重合体(A)は、主鎖に位置するδ−ラクタム構造に由来する特性を有する。特性は、例えば、熱的特性、光学的特性である。
熱的特性は、例えばガラス転移温度(Tg)であり、重合体(A)のTgはδ−ラクタム構造を主鎖に有さない場合に比べて高くなる。

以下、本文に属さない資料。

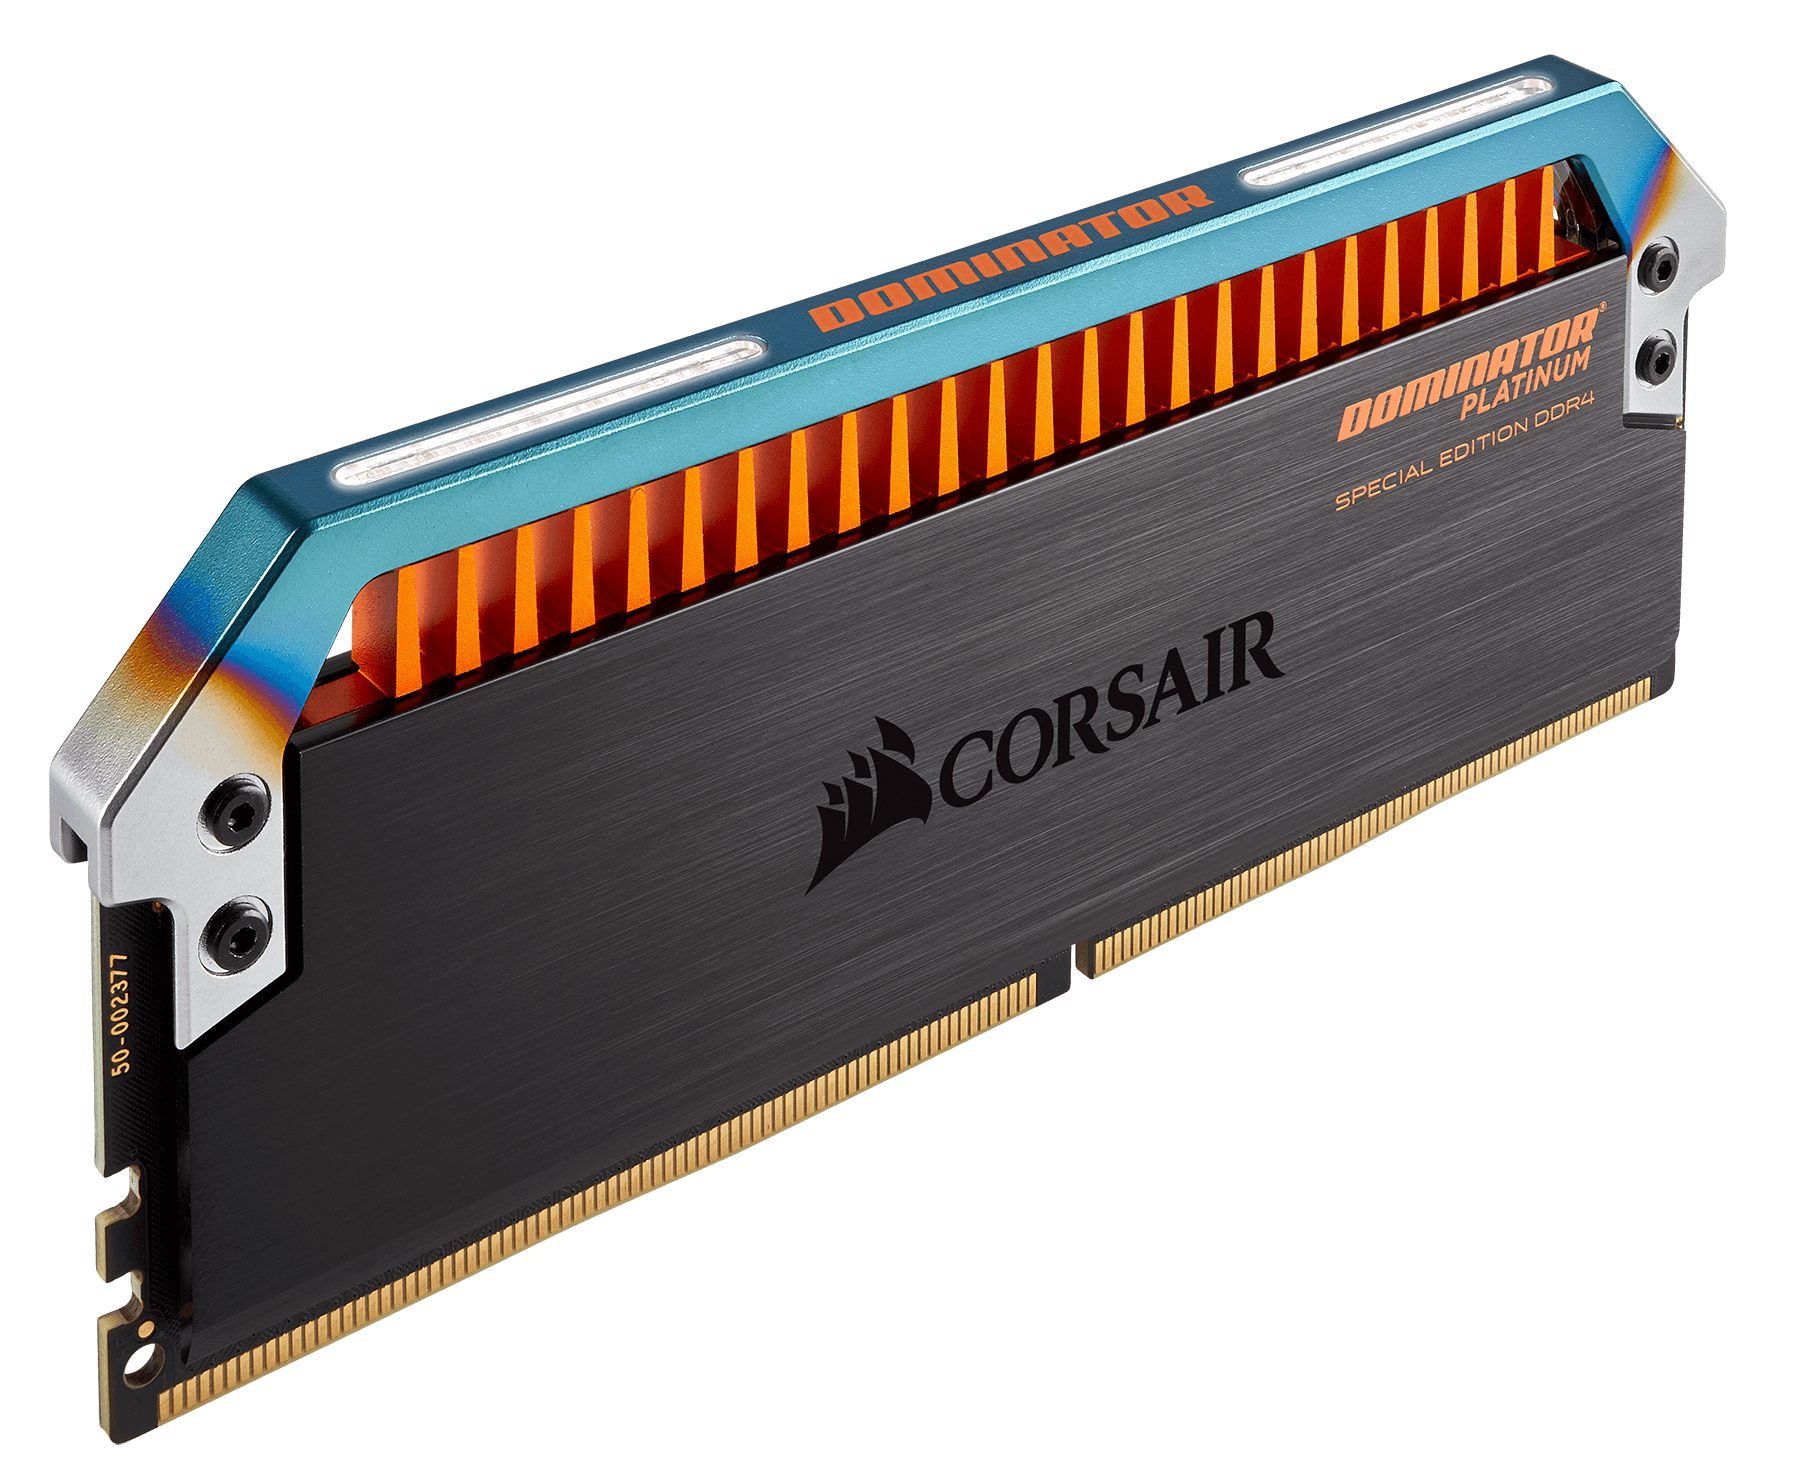 Immagine pubblicata in relazione al seguente contenuto: Corsair commercializza le DDR4 DOMINATOR PLATINUM Special Edition Torque | Nome immagine: news26330_Corsair-DOMINATOR-PLATINUM-Special-Edition-Torque_1.png

光学的特性は、例えば複屈折特性である。主鎖に位置するδ−ラクタム構造によって、重合体(A)の複屈折発現性(位相差発現性)が向上する。δ−ラクタム構造は、重合体(A)に正または負の固有複屈折を与える作用を有する。より具体的に、δ−ラクタム構造は、基本的に重合体(A)に正の固有複屈折を与える作用を有するが、環構造の基本骨格に結合した置換基が嵩高いなどの場合、重合体(A)に負の固有複屈折を与えることがある。重合体(A)としての固有複屈折の正負は、当該重合体(A)が有する各構成単位が示す複屈折特性の兼ね合いにより決定される。例えば、δ−ラクタム構造が重合体(A)に正の固有複屈折を与える作用を有する場合においても、負の固有複屈折を与える作用を有する構成単位を重合体(A)がさらに有するとき、重合体(A)としての固有複屈折が負になることがある。
重合体(A)は、その他の特性、例えば、δ−ラクタム構造に含まれる(環状)アミド構造に基づく親水性、密着性、耐加水分解性、耐熱分解性などを有しうる。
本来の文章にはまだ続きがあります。